I didn’t send out a newsletter last week so I couldn’t bring this up but… HOW GOOD WAS BAD BUNNY?! I loved Kendrick. I loved Dre, Snoop, Em, and Mary. I loved Rihanna. I loved The Weeknd. But wow, I think Benito beat them all.
Bad Bunny's Apple Music Super Bowl Halftime Show
He was happy, charismatic, proud, positive, Gaga, and the setlist was so on point. As a family we’ve watched this performance almost daily to the point where our youngest is running around the house going “hoy tengo una, mañana otra” (iykyk).
🎵 Listening to House of Balloons by The Weeknd as I type this.
The Deep Thoughts
This is what I'm thinking about.
"I don't know what to post about." I hear it constantly. Mostly in response to me not shutting up on Linkedin.
I know I’ve somehow convinced you to subscribe to this thing but I’m not that smart. I’m not coming up with wild ideas all the time (it does happen though). What I do is constantly pull from the work.
That’s the thing most people miss: the content is already there. It's happening on your calls every single day. Client problems. Prospect questions. That’s the real stuff that your audience actually wants to learn from.
That's not random idea generation. That's strategic, tactical, tangible content waiting to be captured.

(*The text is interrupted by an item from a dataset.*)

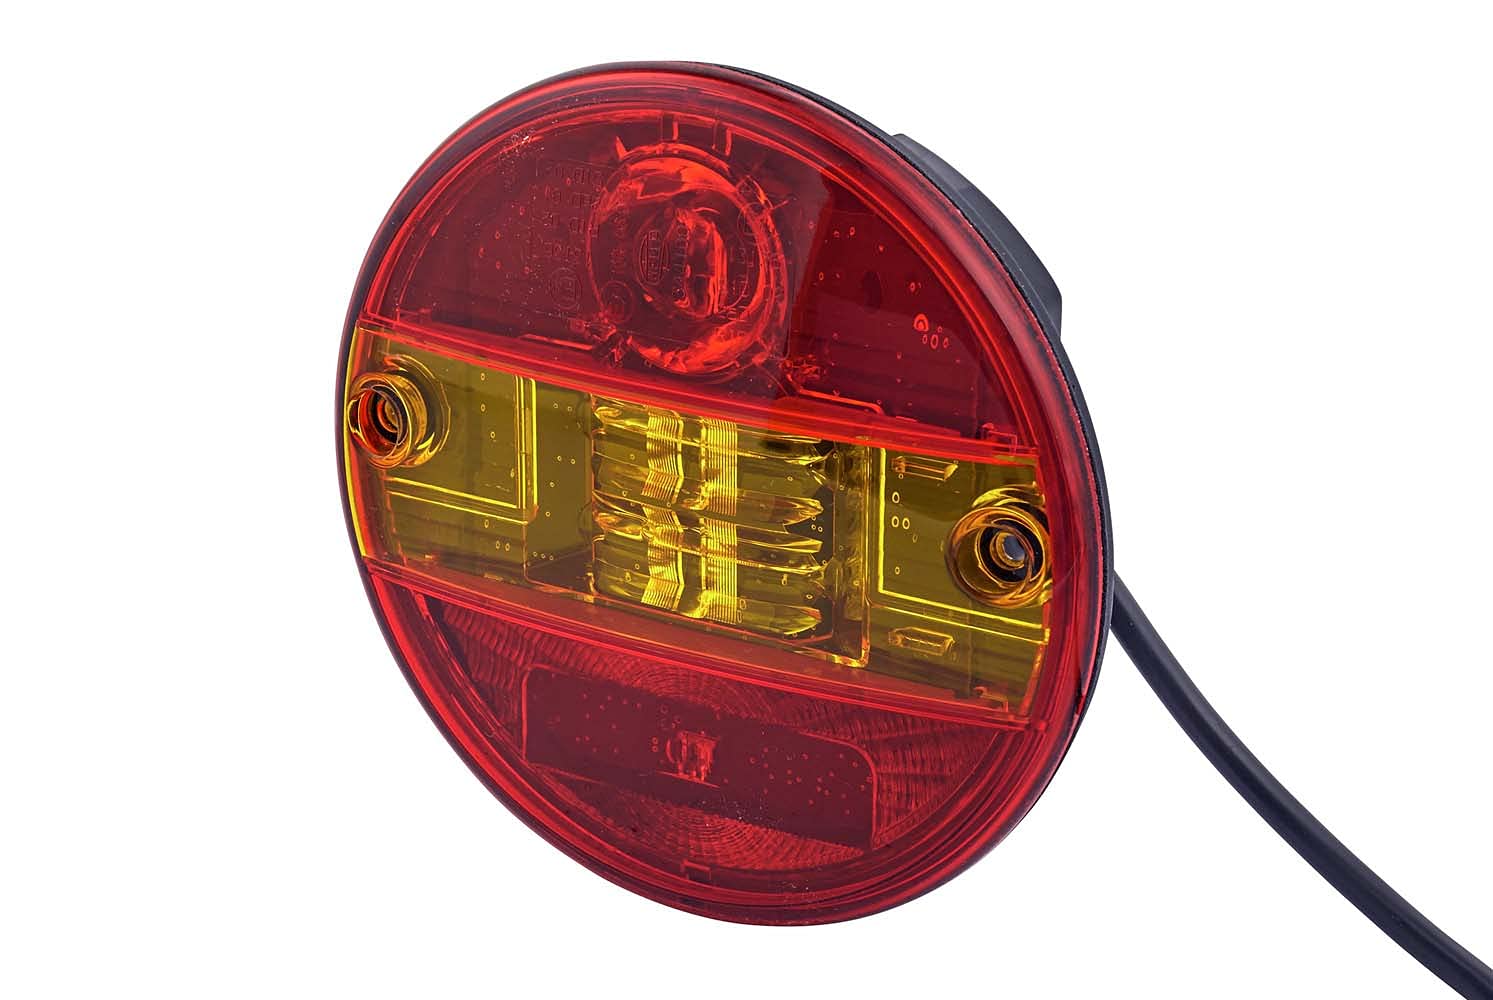 HELLA Rückleuchte - LED - Anhänger Beleuchtung - 24V / 12V - Einbau/geschraubt - ECE/ADR/GGVS - Lichtscheibenfarbe: rot/gelb - Kabel: 500mm - links/rechts - Menge: 1 - 2SD 344 100-001 von Hella

But between back-to-back meetings and context switching it all disappears so I built a system for my team to capture all the ideas. It’s a Zap that pulls insights from our meeting transcripts, tags them by content pillar, and drops them into a shared channel so everyone has visibility.
Because I can post all day, but OhSnap! grows faster when the whole team is sharing. They're on these calls. They have opinions. They should be sharing them too.
And when we're all writing about similar topics? It reinforces the message in the market.
So…. let’s get into it!
You know what to post about…
Actually before we get started, this is all done in Zapier and here’s the template. You’ll still have to fill it out but it’s a great starting point
1. New Meeting Transcript is Ready
So Fathom is our preferred AI notetaker but this trigger should work with any other AI notetaker like Otter or Fireflies or Granola. Use the new transcript as a trigger to kick off the Zap. Because our Fathom is a teams account, I use the Team Meetings configuration (it’s literally just a dropdown item) but that’s all there is to it.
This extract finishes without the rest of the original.